Throughout the life and ministry of Jesus, the incarnate Son, the Spirit was active. While Jesus repeatedly witnesses that the Father sent Him (e.g., John 4:34; 5:19–24, 30, 36–38; 6:29–33, 38–39, 44, 57), He was conceived by the Holy Spirit (Matt. 1:20; Luke 1:34–35). At every stage in his record of the birth and infancy narratives and on into the start of Jesus’ public ministry, Luke refers to the presence and active involvement of the Spirit (Luke 1:34–35, 41–42; 2:25–27; 3:16, 21–22; 4:1, 14–19). Jesus’ baptism is a prominent instance, when the Father acknowledges Him as His Son while the Spirit descends and rests upon Him (Matt. 3:13–17), anointing Him at the start of His ministry and thereby indicating the ongoing reality of His empowerment thereafter. This includes upholding Him in His incarnate lowliness as He faced severe temptation from the devil (Luke 4:1–13).

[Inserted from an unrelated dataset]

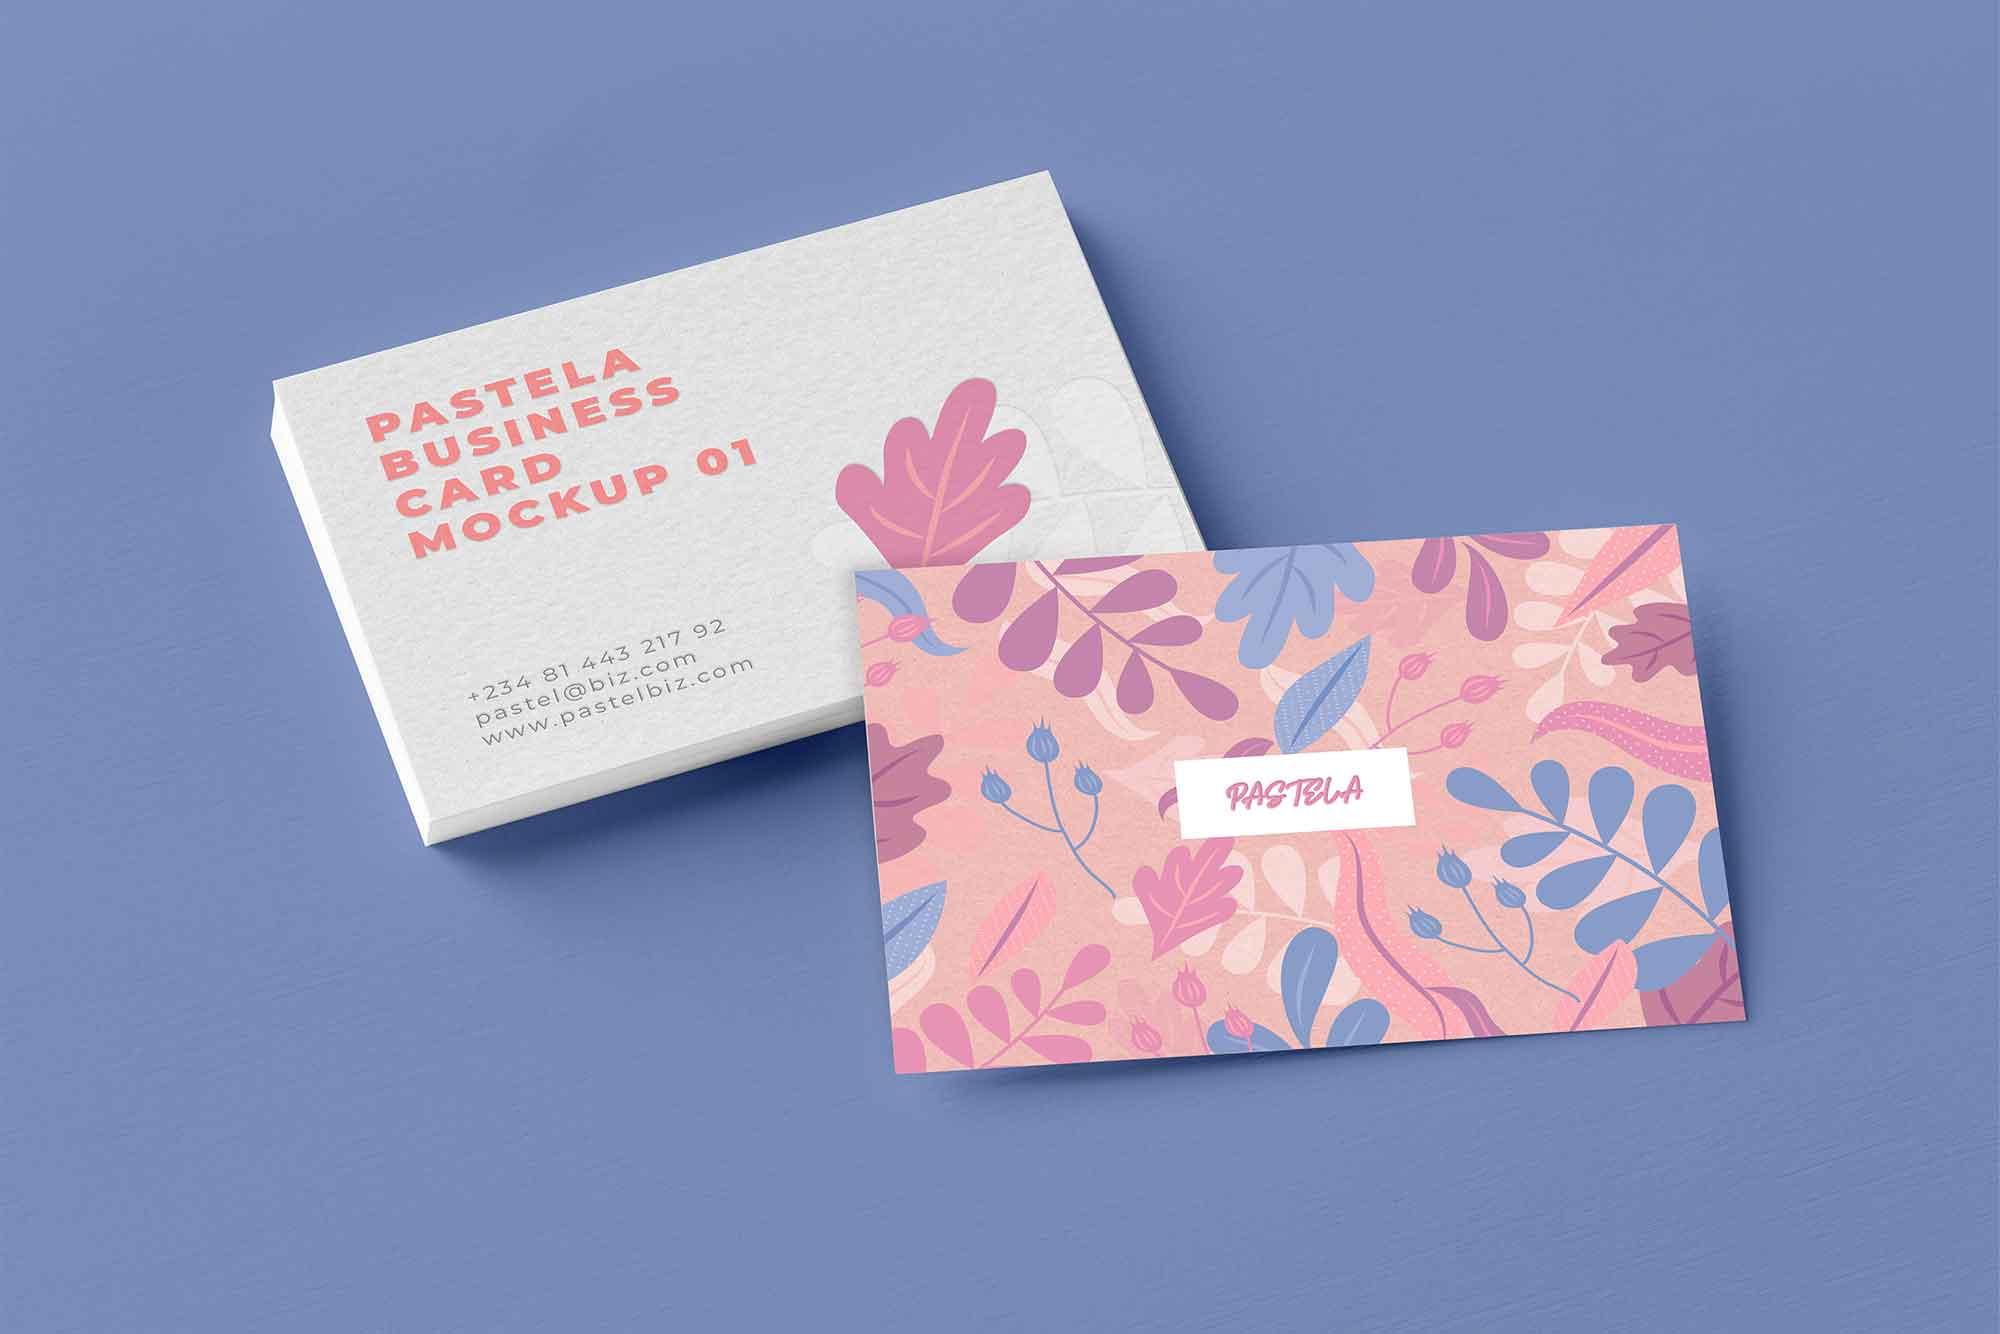 55 Business Card Psd Mockup Templates Decolore Net
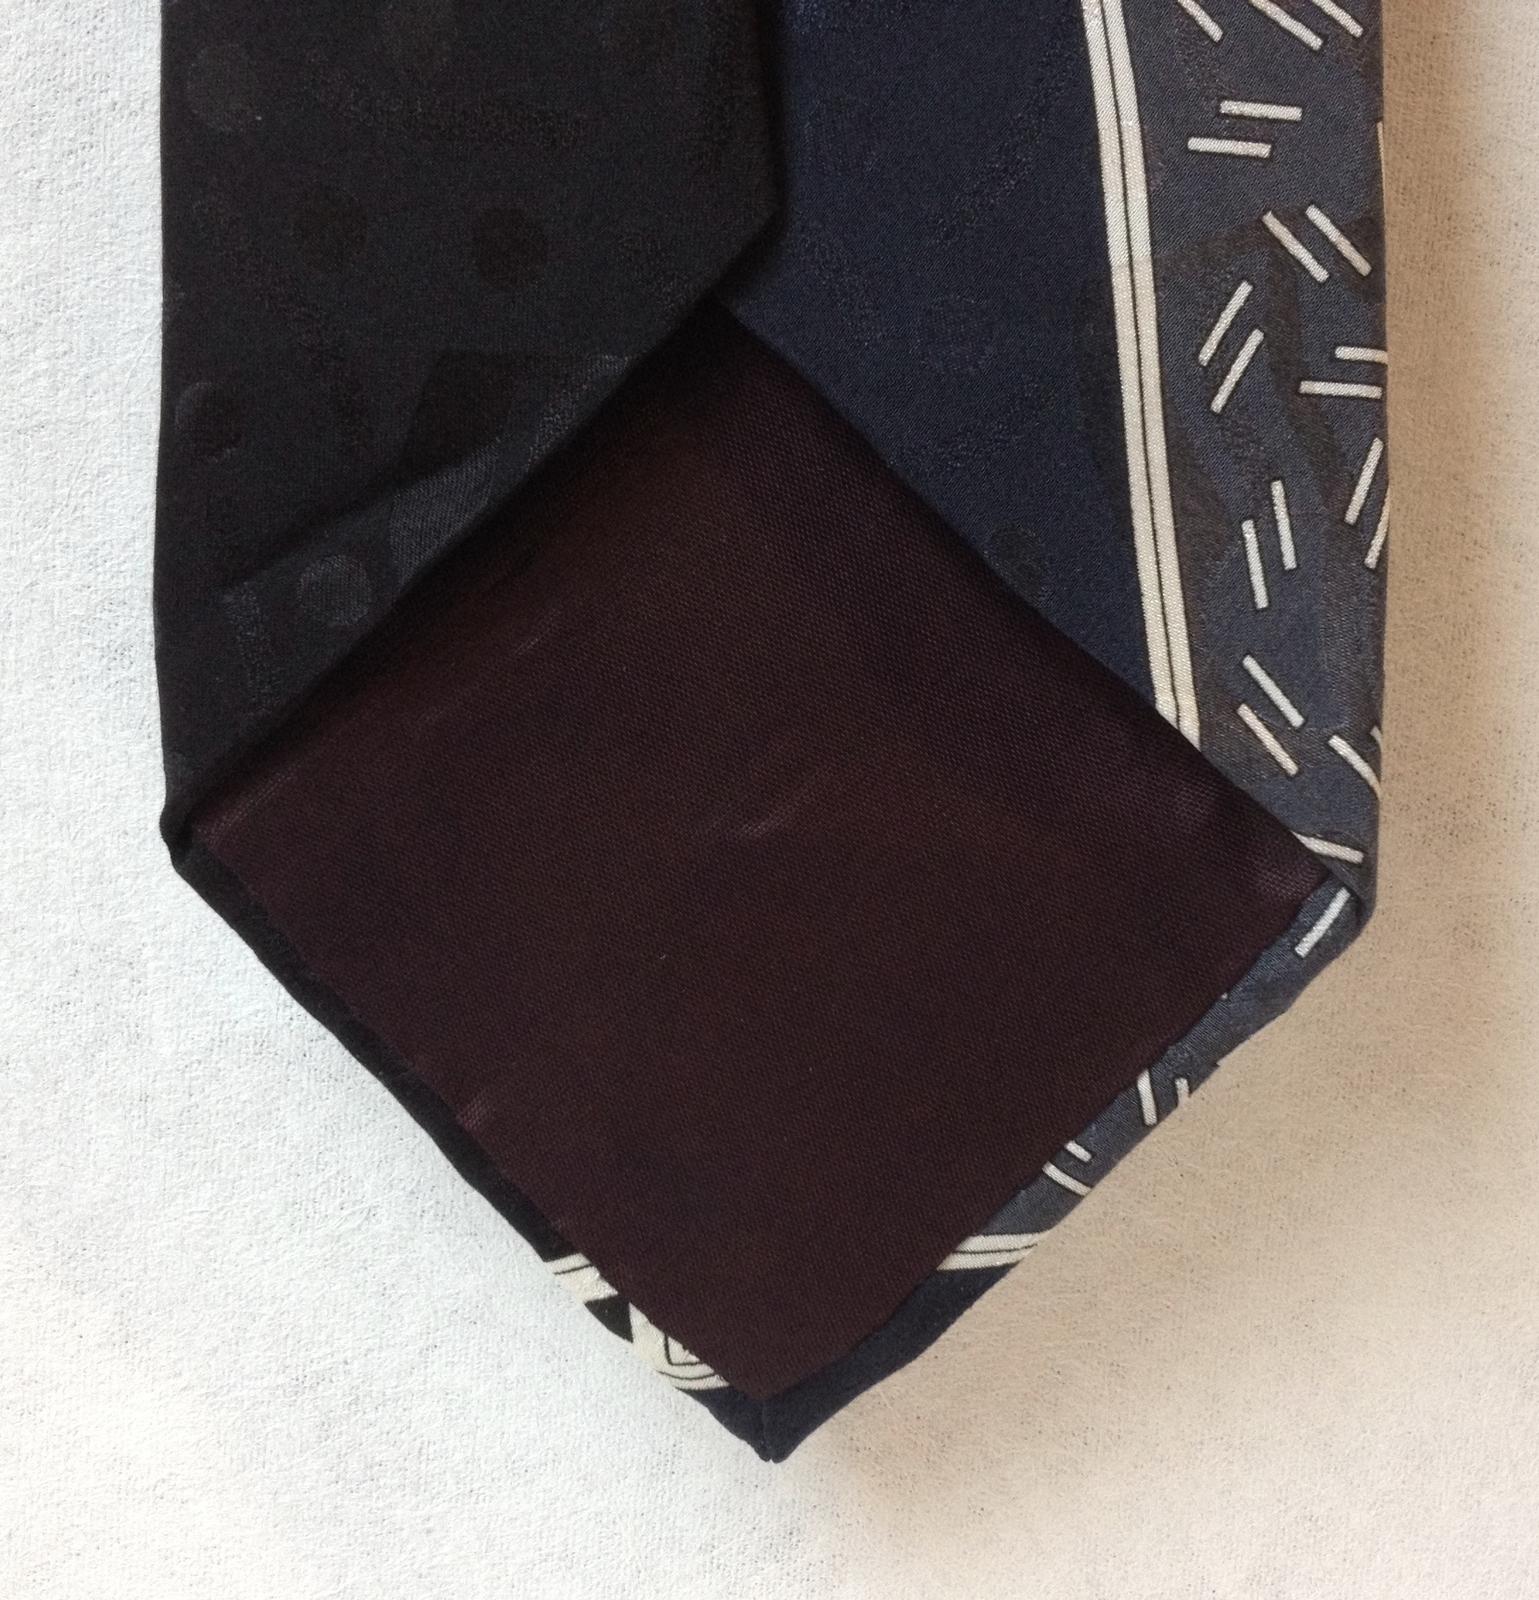 Marina Di Carrara Black Navy Blue Gray Neck Tie 100% Silk Geometric Modern Lines

It was “through the eternal Spirit” that Jesus offered Himself to the Father on the cross (Heb. 9:14), a clear reference to the Holy Spirit rather than to some psychological abstraction—note that “God” is usually a designation for the Father in the New Testament. Similarly, the Father raised Christ from the dead by the Holy Spirit, which is to be the pattern of our own resurrection (Rom. 8:10–11).

In the context of Luke–Acts, Jesus’ ascension is connected with the sending of the Spirit a few days later at Pentecost (Acts 1:8–11). The background is Elijah’s being taken up into heaven, before which Elisha asked for a double portion of his mentor’s spirit and was told that this would occur if he saw Elijah taken up (2 Kings 2:9–12). Here the Apostles observe Jesus’ departure, with the consequent outpouring of the Spirit recorded in the subsequent chapters. Jesus Himself connects the gift of the Spirit with His ascension (John 7:37–39). From this, the Spirit empowers the ministry of the Apostles and the spread of the church, as recorded in Acts.

the spirit and the church

We are baptized into the one name of the Father, the Son, and the Holy Spirit (Matt. 28:19–20). The Spirit effects this, baptizing us into the body of Christ (1 Cor. 12:13). Here there is a conjunction of the work of the Spirit and the sacrament of baptism, which is the sign and seal of our ingrafting into the body of Christ. It is the Spirit who effectively draws us to faith and endows us with gifts for the benefit of the church, including calling to office those whom He has chosen (Acts 13:1–7).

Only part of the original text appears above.